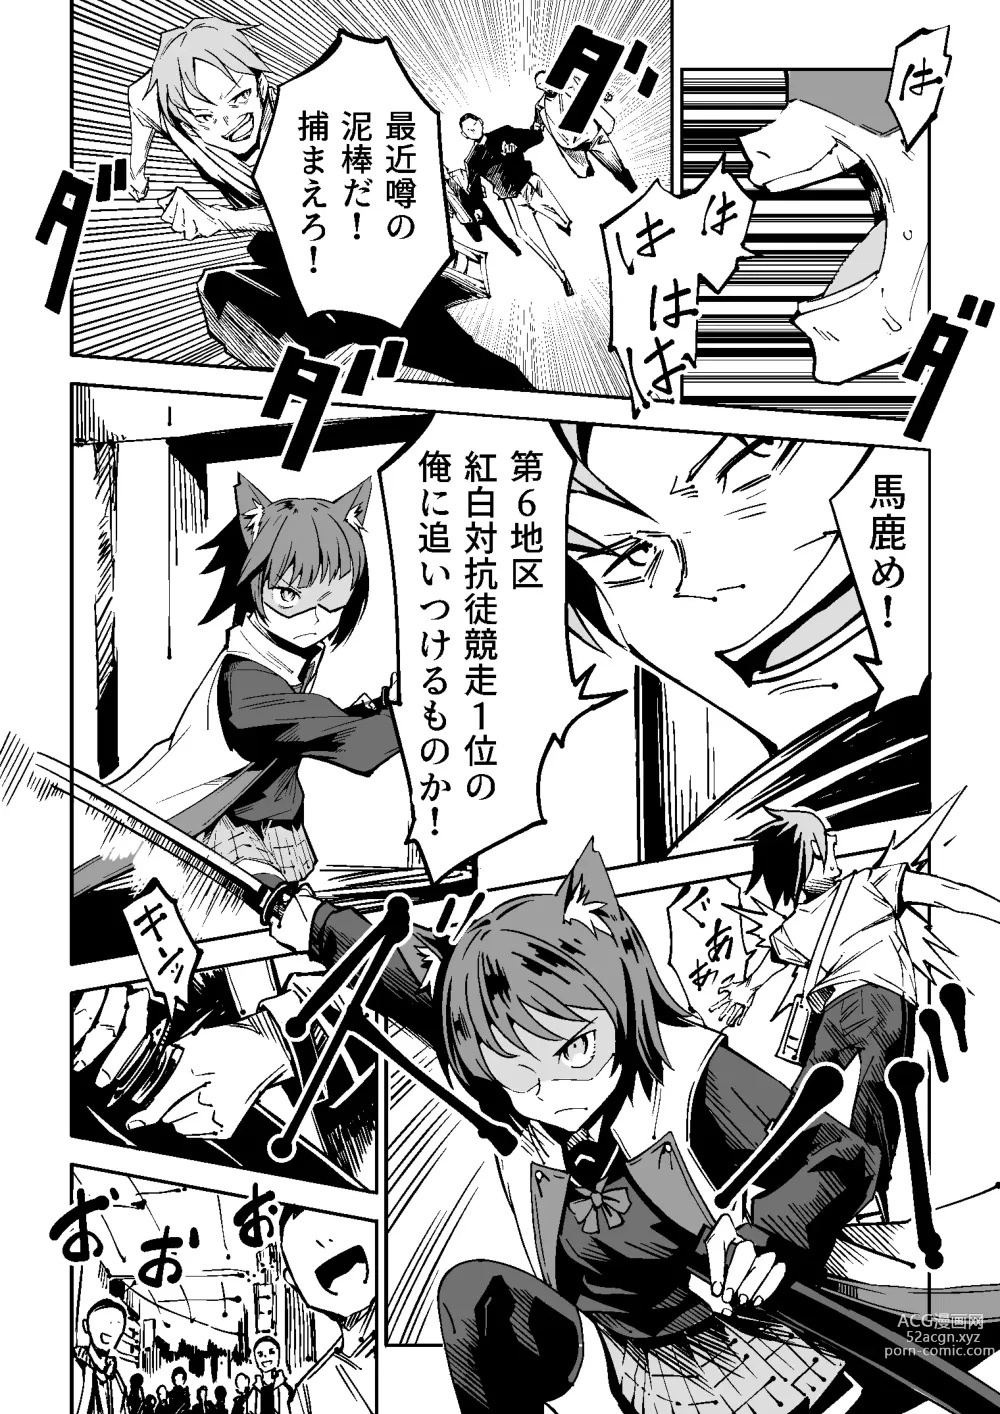 Page 3 of doujinshi NOID Episode:Julius
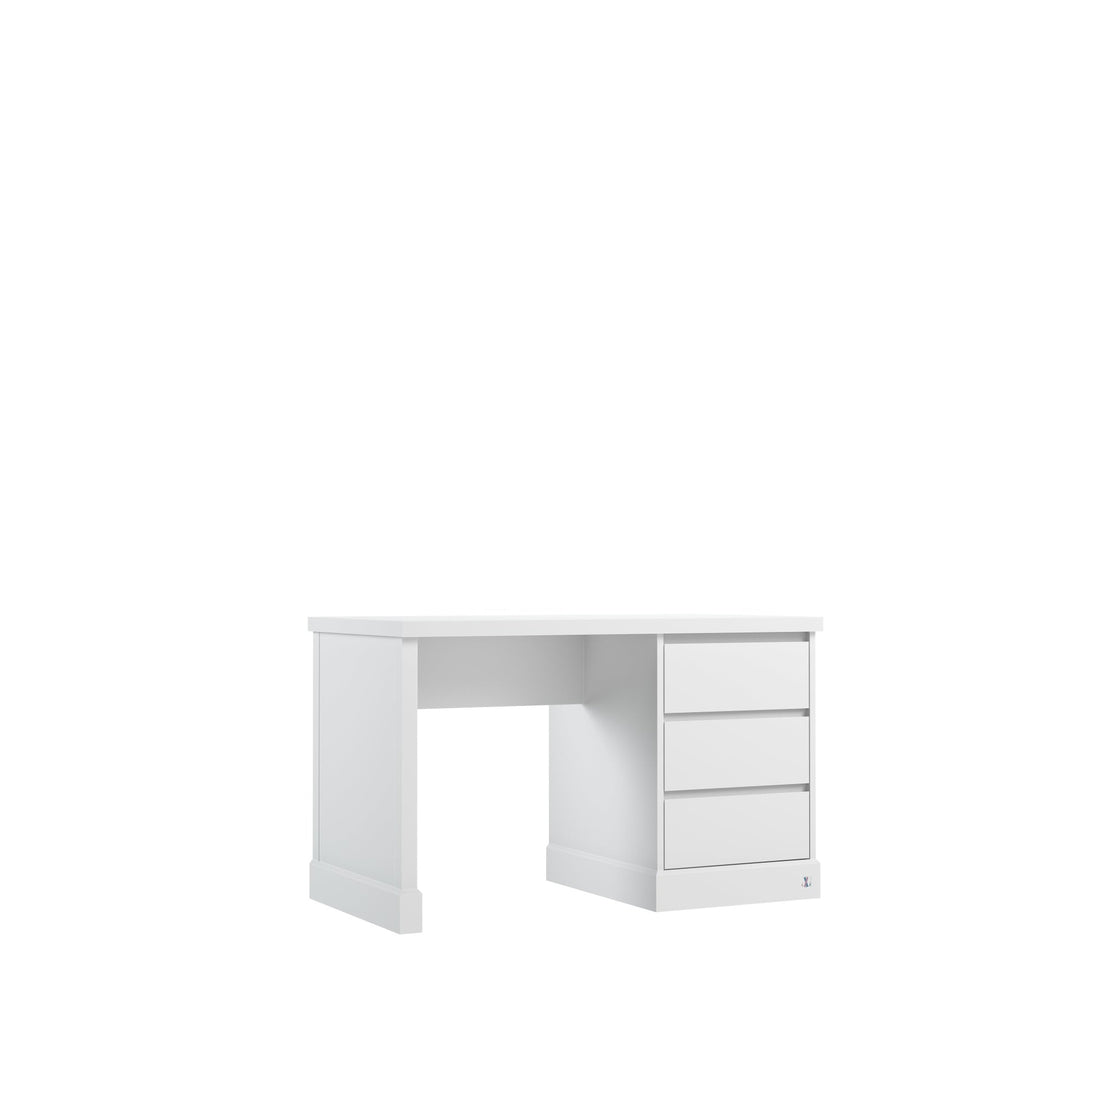 desk PRESTIGE with 3 drawers | white modern desk | modern desk with drawers | modern children furniture | modern kids furniture | manufacturer luxury children furniture
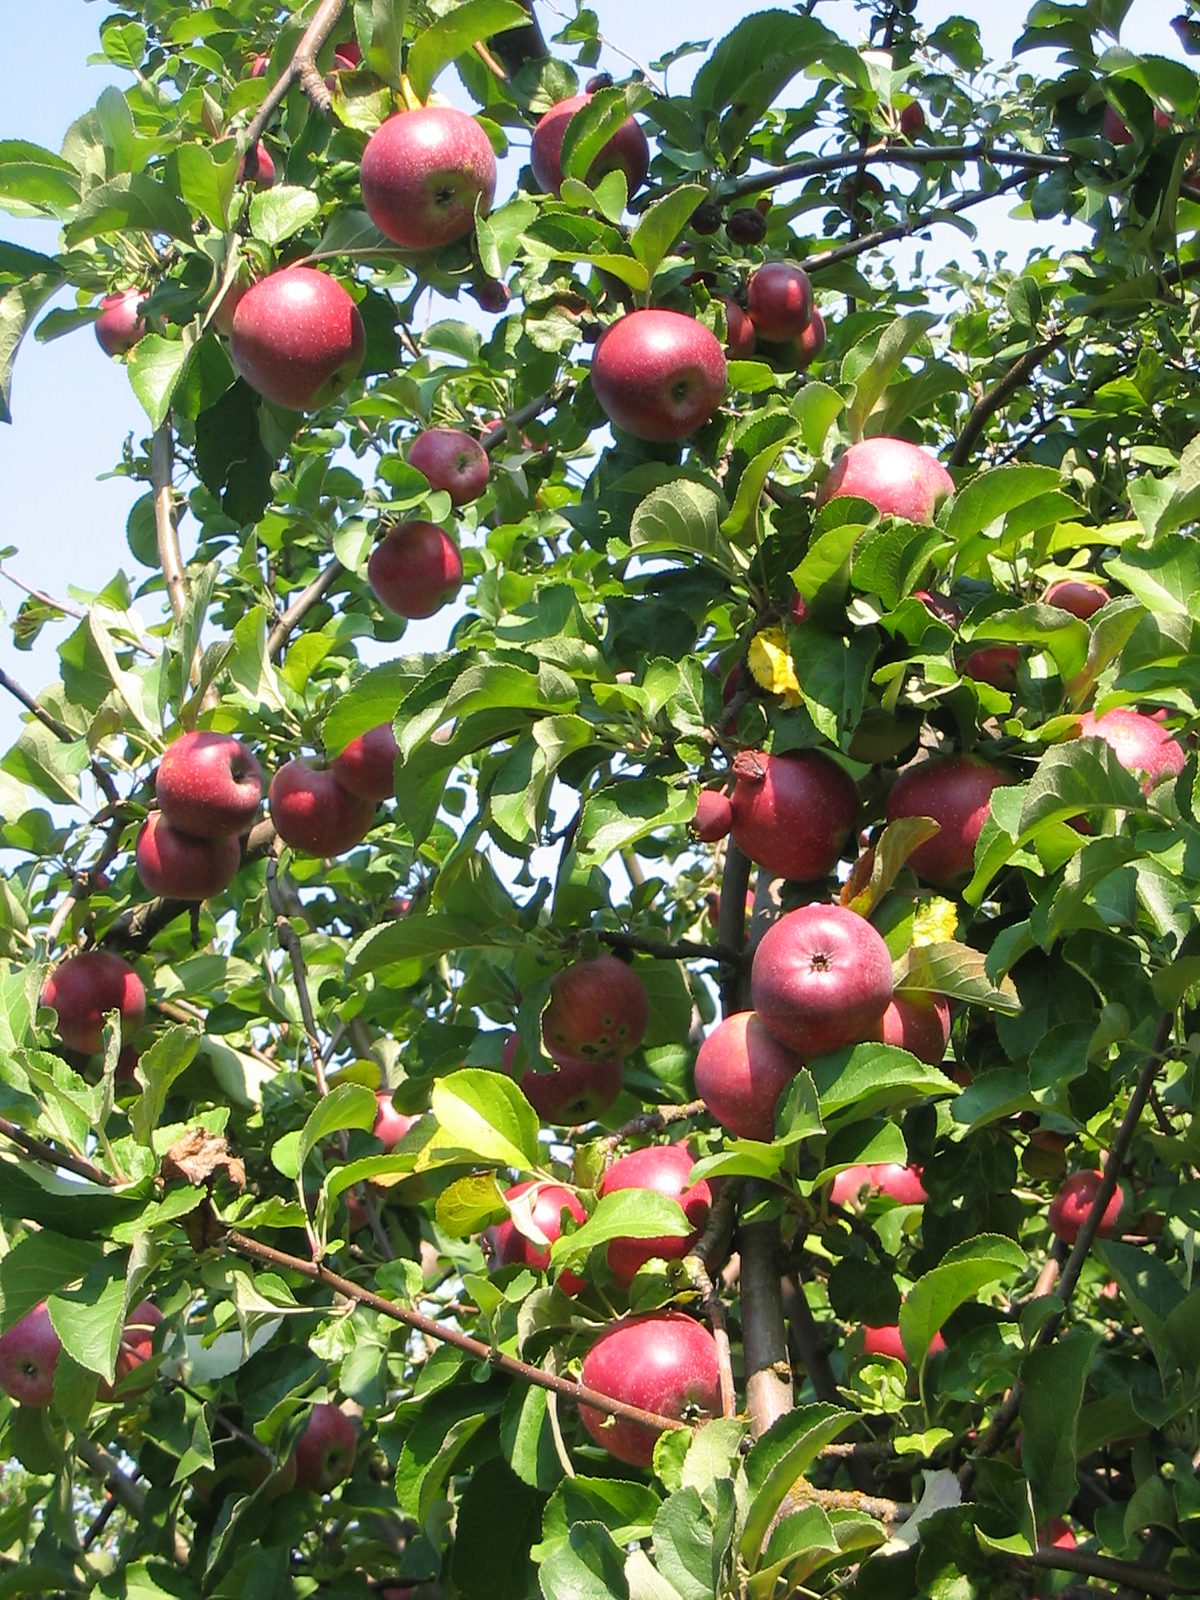 arbol-de-la-manzana-malus-domestica

__Exercise__
Output the listing unchanged, pictures excluded.

__Expected output__
 Page 3 of doujinshi NOID Episode:Julius
 desk PRESTIGE with 3 drawers | white modern desk | modern desk with drawers | modern children furniture | modern kids furniture | manufacturer luxury children furniture
 arbol-de-la-manzana-malus-domestica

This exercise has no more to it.